Microsoft, dijital üretkenliği ücretli abonelikle dönüştürmek için Copilot Pro'yu piyasaya sürüyor: Aylık ücreti belli oldu

Aylık 20 dolarlık bir abonelik, bireylere çeşitli Microsoft ofis uygulamalarında (Microsoft) üretken yapay zeka yetenekleri sağlıyor
Aylık 20 dolarlık bir abonelik, bireylere çeşitli Microsoft ofis uygulamalarında (Microsoft) üretken yapay zeka yetenekleri sağlıyor
TT

Microsoft, dijital üretkenliği ücretli abonelikle dönüştürmek için Copilot Pro'yu piyasaya sürüyor: Aylık ücreti belli oldu

Aylık 20 dolarlık bir abonelik, bireylere çeşitli Microsoft ofis uygulamalarında (Microsoft) üretken yapay zeka yetenekleri sağlıyor
Aylık 20 dolarlık bir abonelik, bireylere çeşitli Microsoft ofis uygulamalarında (Microsoft) üretken yapay zeka yetenekleri sağlıyor

Microsoft, Copilot Pro'nun ücretli sürümünü resmi olarak kullanıma sundu. Bu, iş ve üretkenlik alanında yapay zeka kullanımında yeni ufuklar açıyor. Microsoft'un bu cesur adımı, yapay zeka teknolojilerini geliştirme ve bunları hem bireysel tüketicileri hem de işletmeleri kapsayacak şekilde genişletme konusundaki kararlılığını gösteriyor.

Aylık 20 dolar fiyatla sunulan Copilot Pro, ücretsiz sürümde bulunmayan ek özellikler sağlıyor. Bu sürüm, Word, PowerPoint, Excel ve Outlook gibi çeşitli Microsoft ofis uygulamalarında üretken yapay zeka yetenekleri sağlayarak kullanıcı deneyimini geliştiriyor. Program, kullanıcıların verimli ve kolay bir şekilde metin oluşturmasına, düzenlemesine, özetlemesine, grafikler ve e-posta taslakları oluşturmasına olanak tanıyor.

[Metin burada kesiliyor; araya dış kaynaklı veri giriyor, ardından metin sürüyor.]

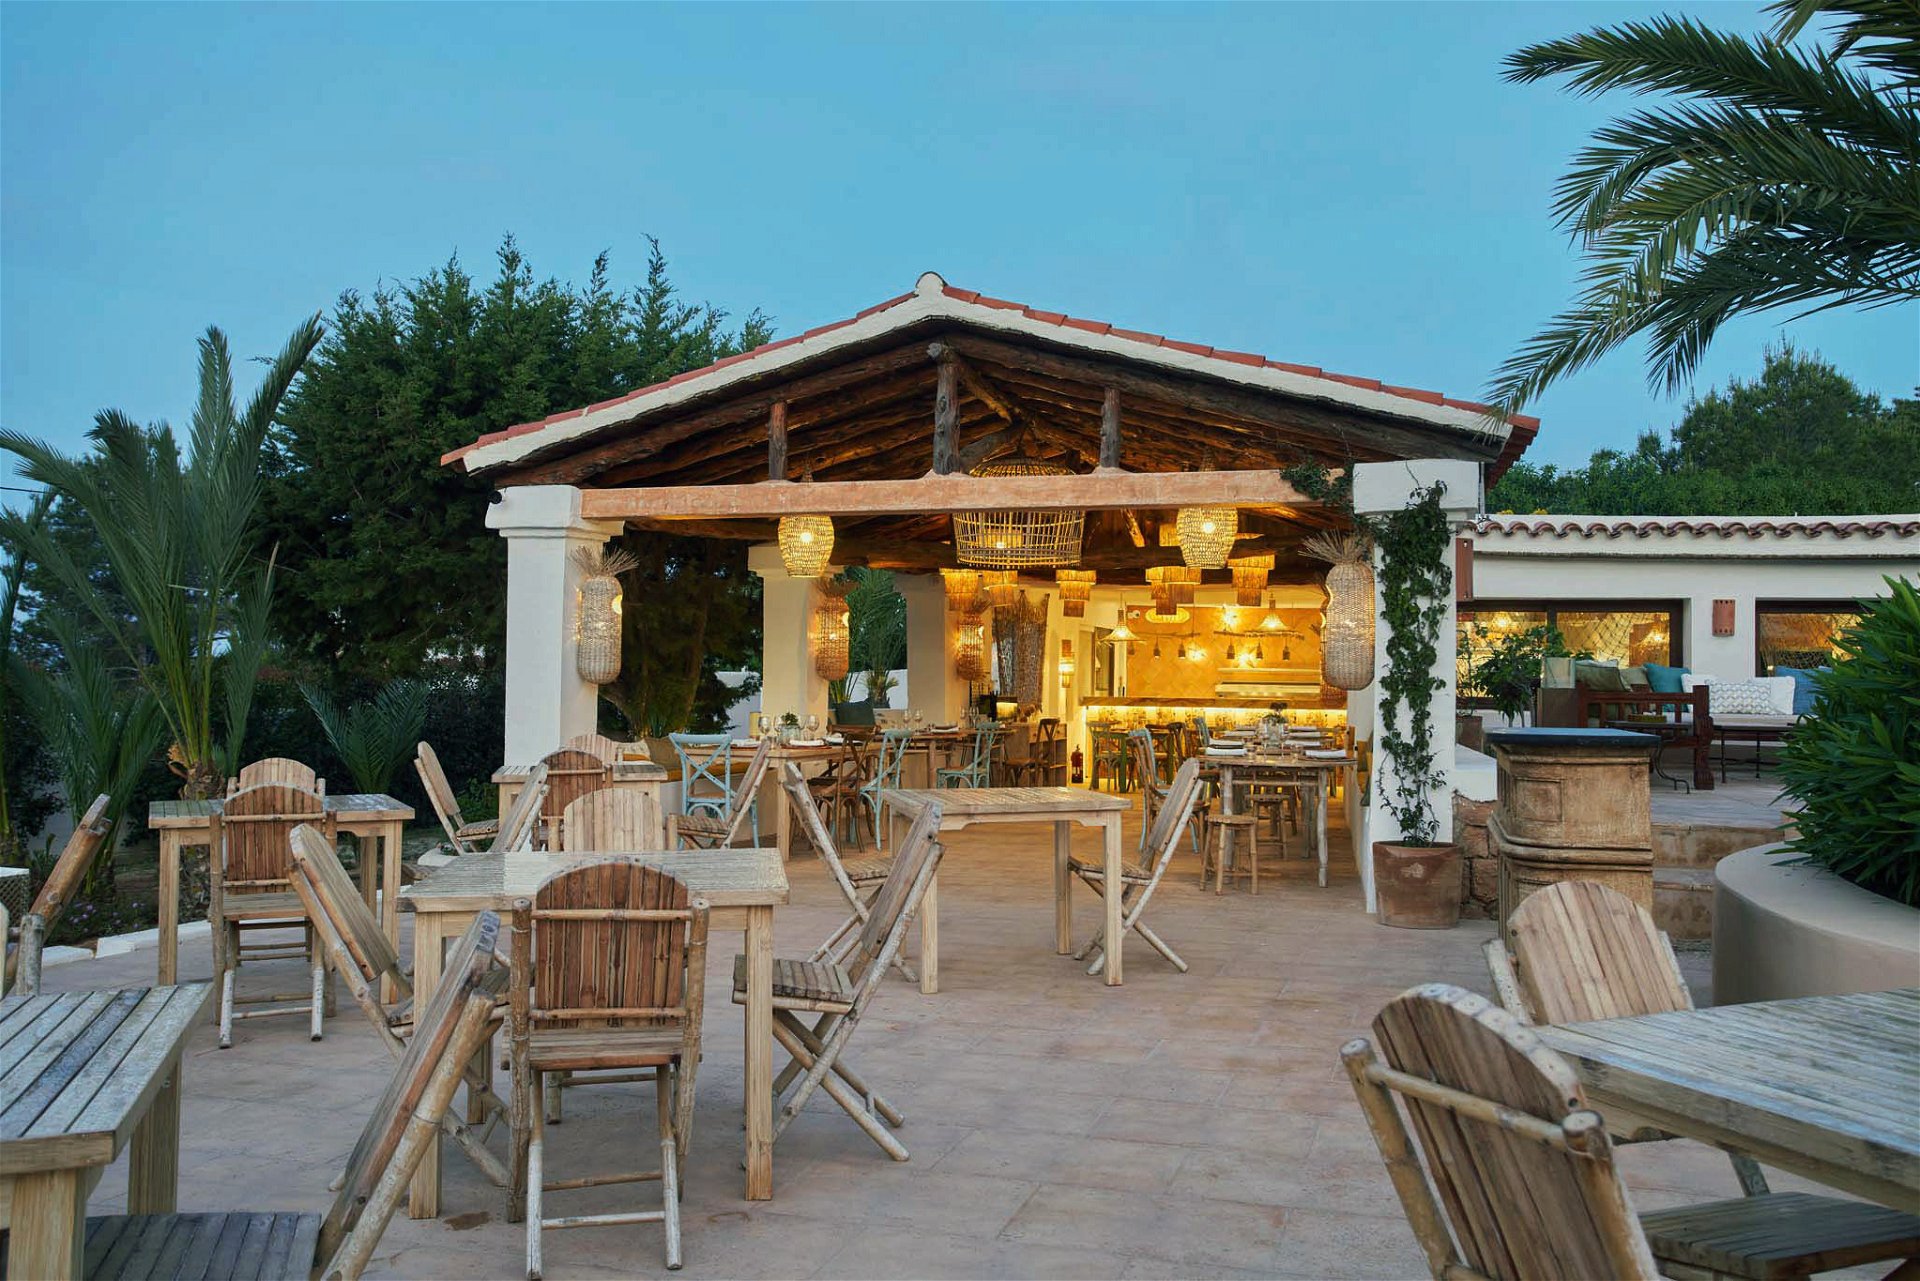 Up and coming: Das »Los Olivos« ist eines von zwei Restaurants des erst kürzlich als Beaumier-Boutiquehotel wieder eröffneten Hotels »Petunia« auf Ibiza. Mit seiner Open-Air-Atmosphäre und dem Blick auf den schicken Pool verspricht es entspannte Nachmittage und Abende bei traditioneller mediterraner Küche. petuniaibiza.com
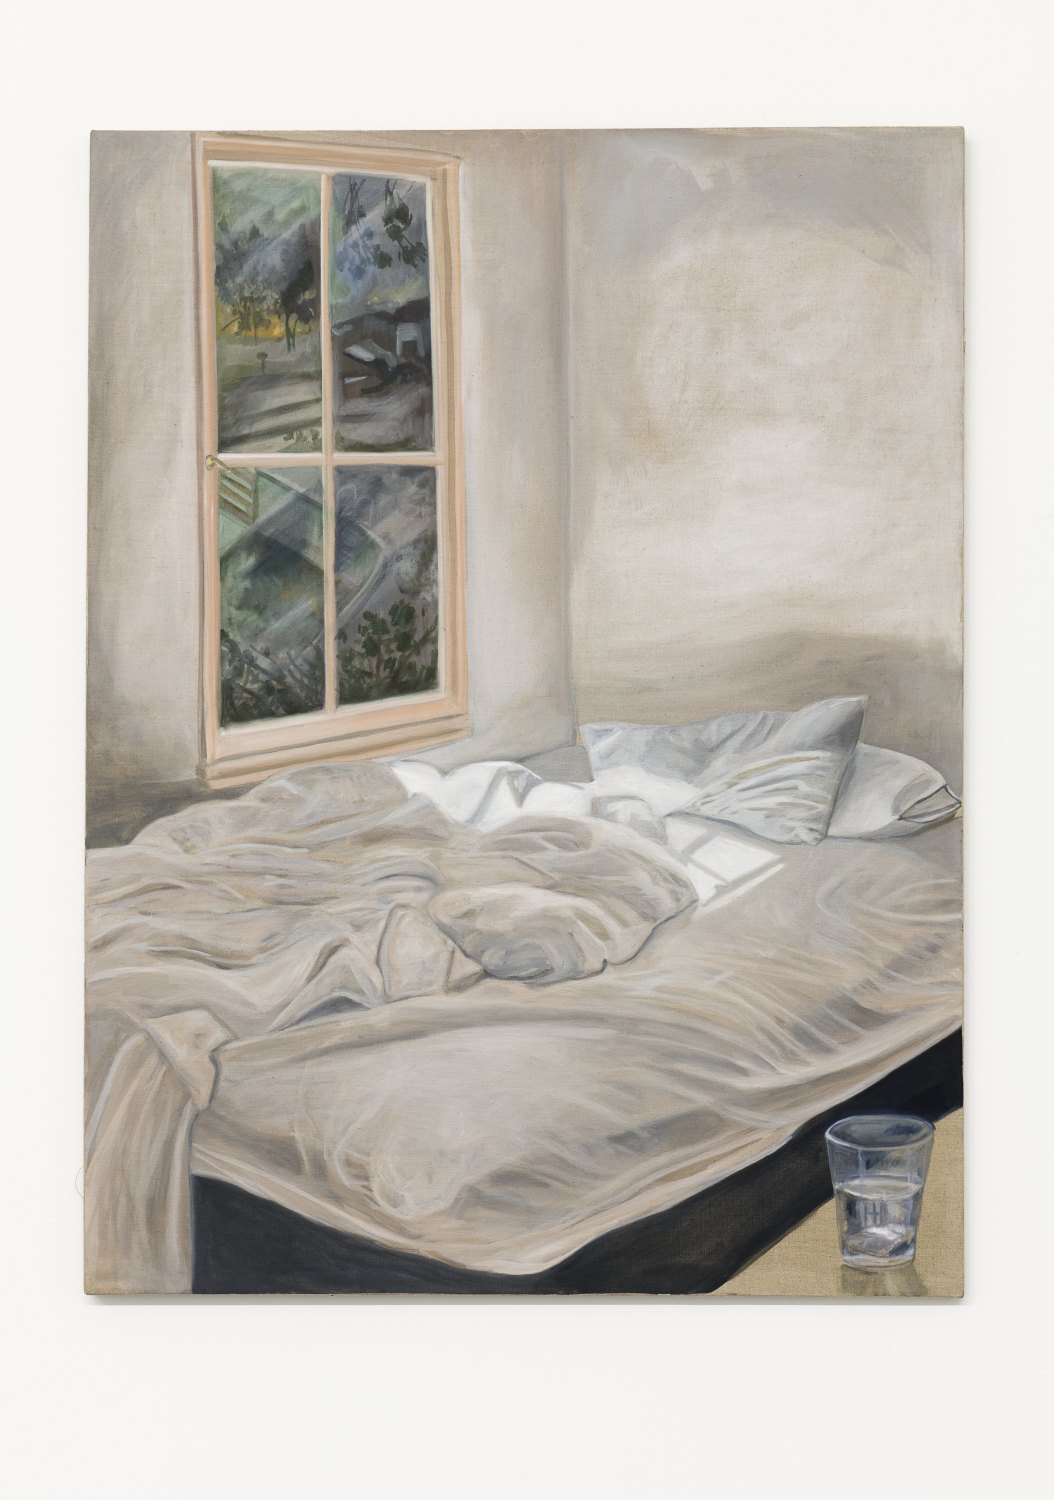 Jill Mulleady Insomnia, 2018 Oil on linen, 122 x 92 cm

Microsoft'un bu adımı, yapay zeka teknolojilerine ve bunların iş ve üretkenlik alanlarındaki uygulamalarına yönelik artan ilgiyi gösteriyor. Copilot Pro, kullanıcı deneyimini geliştirdiği ve günlük görevlerini verimli ve etkili bir şekilde yerine getirmelerini kolaylaştırdığı için Microsoft'un akıllı ürün serisinin bir uzantısını teşkil ediyor.

Copilot Pro şu anda yalnızca İngilizce'yi destekliyor ancak 2024'ün ilk yarısında Arapça da dahil olmak üzere diğer dilleri de kapsayacak şekilde genişletilmesi planlanıyor. Bu da dünyanın dört bir yanındaki Arapça konuşan kullanıcılar için iyi bir haber.

Copilot Pro tarafından sağlanan yeni özellikler arasında Microsoft akıllı aracını kullanarak görüntü üretmek için ek kredi elde etmek var; Bu, görüntü üretme sürecini hızlandırıyor ve kalitelerini artırıyor. Program aboneleri ayrıca, yoğun zamanlarda bile gelişmiş performans sağlayan "GPT-4 Turbo" gibi modern yapay zeka modellerine erken erişime sahip oluyor.

Buna ek olarak, Copilot Pro aboneleri Copilot GPTs özelliği sayesinde AI modellerini kendi özel ihtiyaçlarına göre özelleştirebilirler. Bu özellik, kendi gereksinimlerine uyan değiştirilmiş modeller oluşturmalarını sağlıyor; bu da çalışma ortamında üretkenliği ve özelleştirmeyi artırıyor.

Bu adım, Microsoft'un yapay zeka uygulamalarının kapsamını genişletme ve bunları ister özel sektörde ister iş alanında olsun daha geniş bir kullanıcı kesiminin kullanımına sunma stratejisinin bir parçası olarak atıldı. Microsoft Copilot Pro, bireysel tüketiciler için yararlı bir araç sağlamanın yanı sıra, modern çalışma ortamında verimliliği ve üretkenliği artırmaya yönelik önemli bir adım olarak öne çıktı.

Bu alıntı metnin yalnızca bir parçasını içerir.